Employee Vs. Contractor: How to Categorize YOUR Employee

Classifying workers has gigantic implications for businesses, especially with the world going

through COVID-19, but it is especially troublesome in the Volunteer State. The answer to whether a

worker is an employee or independent contractor drastically affects what they are entitled to. For

example, according to the employer handbook for the State of Tennessee Department of Labor and

Workforce Development Division of Employment Security, an employer “must withhold income tax,

withhold and pay social security and Medicare taxes,” and pay unemployment taxes on employees’
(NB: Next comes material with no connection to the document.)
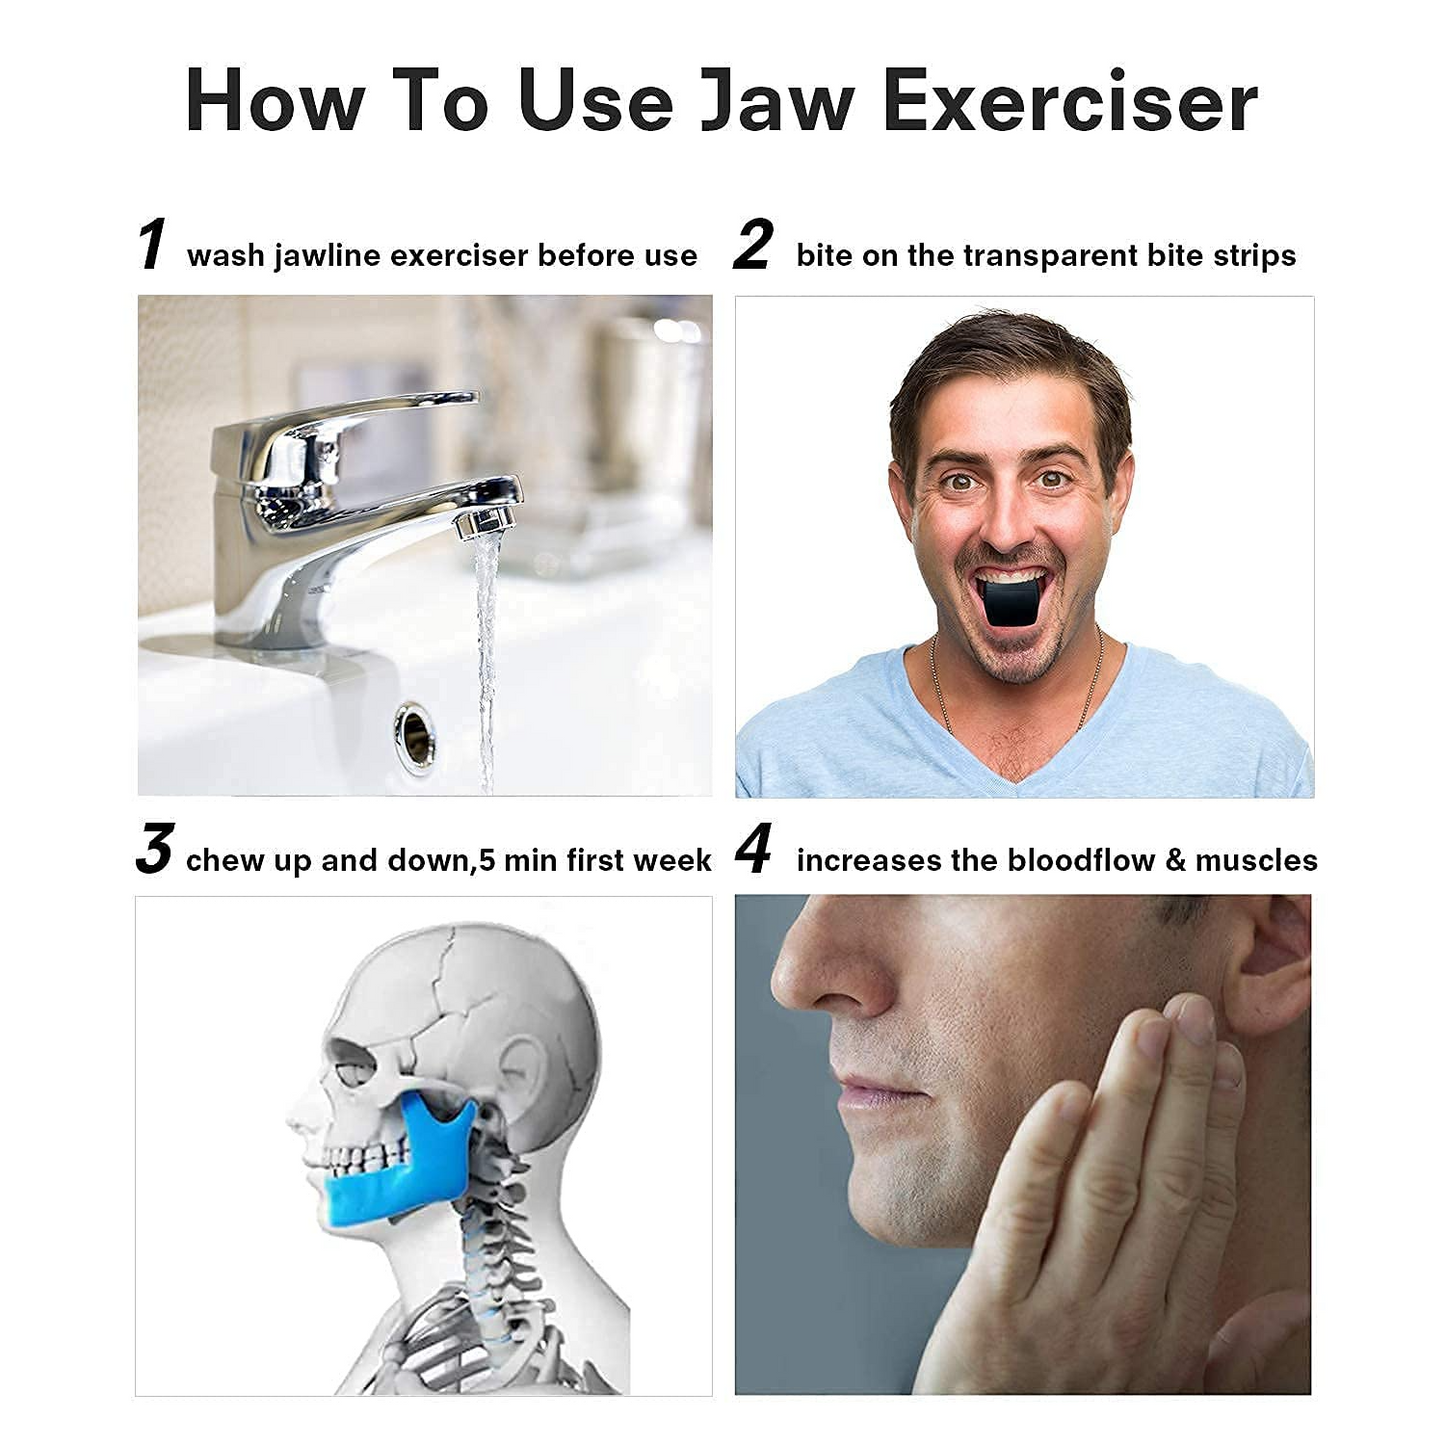 Jawline Exerciser - Mouth Exercise Equipment

wages, while there are no such requirements for independent contractors. 1

There are even different tests employers must apply to figure out whether workers are their

own employees or just independent contractors. For example, the test to decide whether a worker is an

employee or an independent contractor for the purposes of workers’ compensation depends on seven

factors: the employee’s right to control the conduct of the work, the right of termination, the method of

payment, the freedom to select and hire helpers, whether tools are furnished, and whether the worker

makes their own schedule, and the freedom to offer services to other entities. 2 Since the above test is

factor-based, the answer is very fact-specific and not all of these factors have to be met for a worker to

be an independent contractor. To illustrate, if an employer supplies tools, pays by the month, makes the

schedule, and gives instructions on how to perform the work, then that worker is most likely an

employee according to this test.

As of January 1, 2020, Tennessee adopted a twenty-factor test from the IRS to determine

whether workers are employees or independent contractors. 3 This twenty-factor test is used to

determine whether a worker is an employee and is thus entitled to the benefits as part of the Tennessee

Employment Security Law discussed above. 4 Some notable differences between the seven factor test

and this twenty factor test are that the twenty factor test includes training: if a worker is trained by

another employee, corresponds with them, or is required to go to meetings for training, then that

indicates an employer-employee relationship. 5 Another new factor is significant investment: if the

worker invests in facilities used in performing the job, then that tends to point toward them being an

independent contractor, whereas lack of investment points to an employee. 6 The twenty factor test also

seems to make separate factors that were once combined in the earlier seven factor test: for example,

working hours, whether the work was done on the employer’s premises, if a worker has to do work in a

certain order or sequence, whether there are instructions on what to do, and if a worker has to submit

reports on the job or once the job is done, seems to be grouped into the original seven factor test under

the conduct of the work. Moreover, the right to discharge or terminate are separate factors in the

twenty-factor test, where they would probably be together in the older seven-factor test.

There are arguments for either side on whether this new IRS test makes it easier or harder for

employers to classify workers as employees or independent contractors. On one hand, the IRS test has

much more detail in each of its factors, so employers have more guidance when deciding on

classification. As mentioned, the IRS test seemingly adds factors that were together in the previous test.

1 State of Tennessee Department of Labor and Workforce Development Division of Employment Security (2019

handbook)

2 Tenn. Code Ann. Section 50-6-102(12)(D)(i)

3 Tenn. Code Ann. Section 50-2-111

4 Tenn. Code Annotated 50-7-207(b)(2)(B)

5 Id.

6 Tenn. Code Ann. Section 50-2-111

While this does add more guidance, employers could also see the new test as overwhelming. For

example, under the employee’s premises factor, the TCA says this factor’s importance depends “on the

service involved and the extent to which an employer generally would require that employees perform

those services on the employer's premises.” 7 Another example is hiring, supervising, and paying

assistants: if an employer does any of this for workers, then that points to an employer-employee

relationship, unless a worker does this as part of a contract for giving materials and labor for a job, then

they are an independent contractor. As you can see, this new test is not exactly clear, so if an employer

were to incorrectly classify an employee, it would not be a surprise.